L’enjeu canadien

L'annonce des résultats du référendum britannique a laissé une grande partie de la planète bouche bée. Après 43 ans, le Royaume-Uni a choisi par une mince marge de quitter l’Union européenne. Pour les partenaires de l’Europe, dont le Canada, cette nouvelle donne bouscule d’importants calculs économiques et commerciaux.

La première réaction des grandes capitales non européennes était d’ailleurs entendue : reconnaissance du droit démocratique des Britanniques de décider de leur avenir, respect du résultat et réaffirmation des liens d’amitié avec les uns et les autres. Le premier ministre Justin Trudeau n’a pas fait exception.

Pour le gouvernement canadien, cette onde de choc arrive au mauvais moment, lui qui espérait ratifier d’ici le 1er janvier prochain l’Accord économique et commercial global (AECG) conclu entre le Canada et l’Union européenne. Rien n’indique que l’entente soit remise en question par l’UE, mais ses pays membres doivent terminer leur processus d’approbation et certains ont des réserves. Le Royaume-Uni (RU), en revanche, était un des premiers supporteurs de l’accord, un fait important puisque le RU est le premier marché du Canada en Europe et le troisième partenaire commercial du Canada après les États-Unis et la Chine.

L’AECG ne fait pas l’unanimité au Canada, mais le gouvernement libéral en fait une priorité, avec ou sans la Grande-Bretagne. Il l’a dit durant le référendum et doit le rappeler aux autorités européennes afin qu’il ne se perde pas dans le tumulte à venir. De son côté, l’UE aurait avantage à réitérer son intérêt. Ce serait un gage de continuité qui rassurerait ses partenaires commerciaux.

Cela ne résout toutefois pas le nouvel aspect de l’équation canadienne : l’accès futur au marché britannique. Avant le vote, le premier ministre Justin Trudeau avait fait comprendre aux Britanniques qu’un copier-coller de l’AECG n’était pas une option au lendemain d’un Brexit. Après tout, les compromis faits pour sceller une entente multilatérale ne peuvent être les mêmes que pour une entente bilatérale.

Comme le disait Jean Charest à la CBC à la veille du vote, l’UE est passée de 27 à 28 durant les négociations de l’AECG. « Quiconque devient membre embarque dans le train en marche et quiconque [le] quitte saute d’un train qui continue sa route. »

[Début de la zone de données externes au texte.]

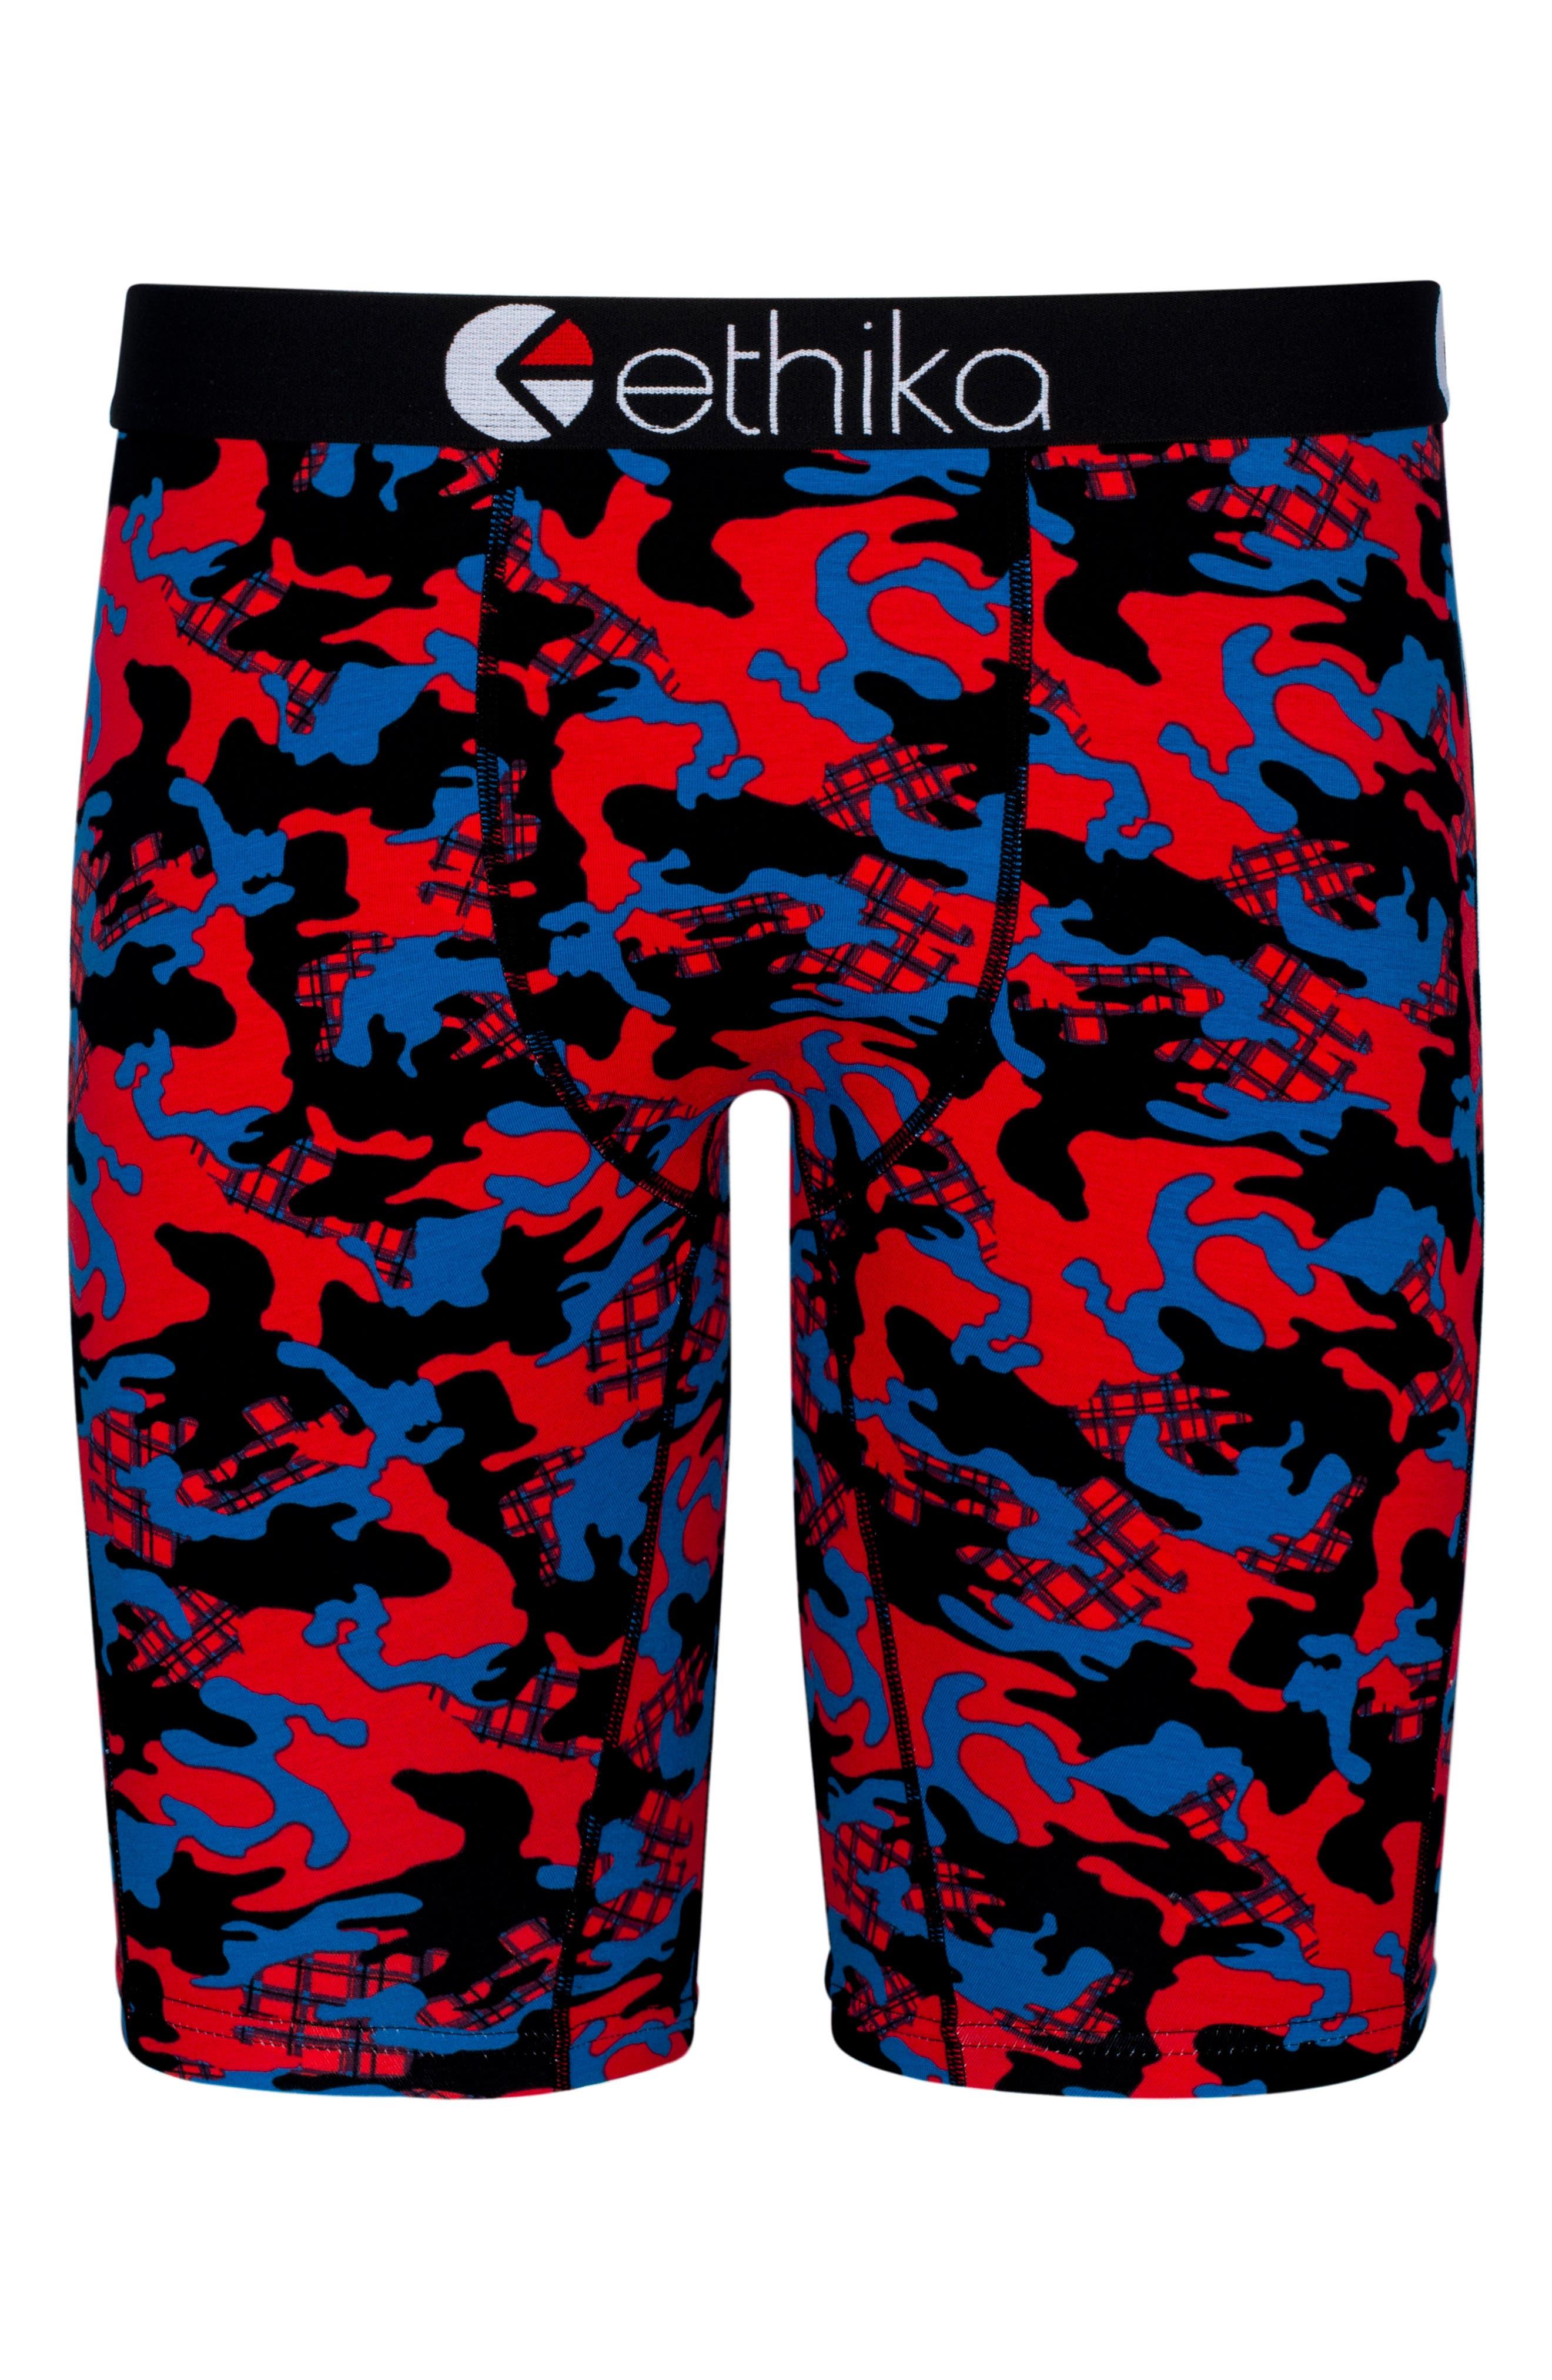 Jacks Camo Boxer Briefs,                             Main thumbnail 1, color,                             RED

Le divorce RU-UE n’étant pas immédiat, les règles du jeu resteront inchangées pour l’instant. Ottawa a donc le temps de jauger l’état des lieux. L’incertitude des entreprises, des exportateurs et des investisseurs canadiens est toutefois bien réelle, et le gouvernement doit, plus tôt que tard, indiquer comment le Canada entend s’y prendre pour protéger ses intérêts commerciaux au Royaume-Uni.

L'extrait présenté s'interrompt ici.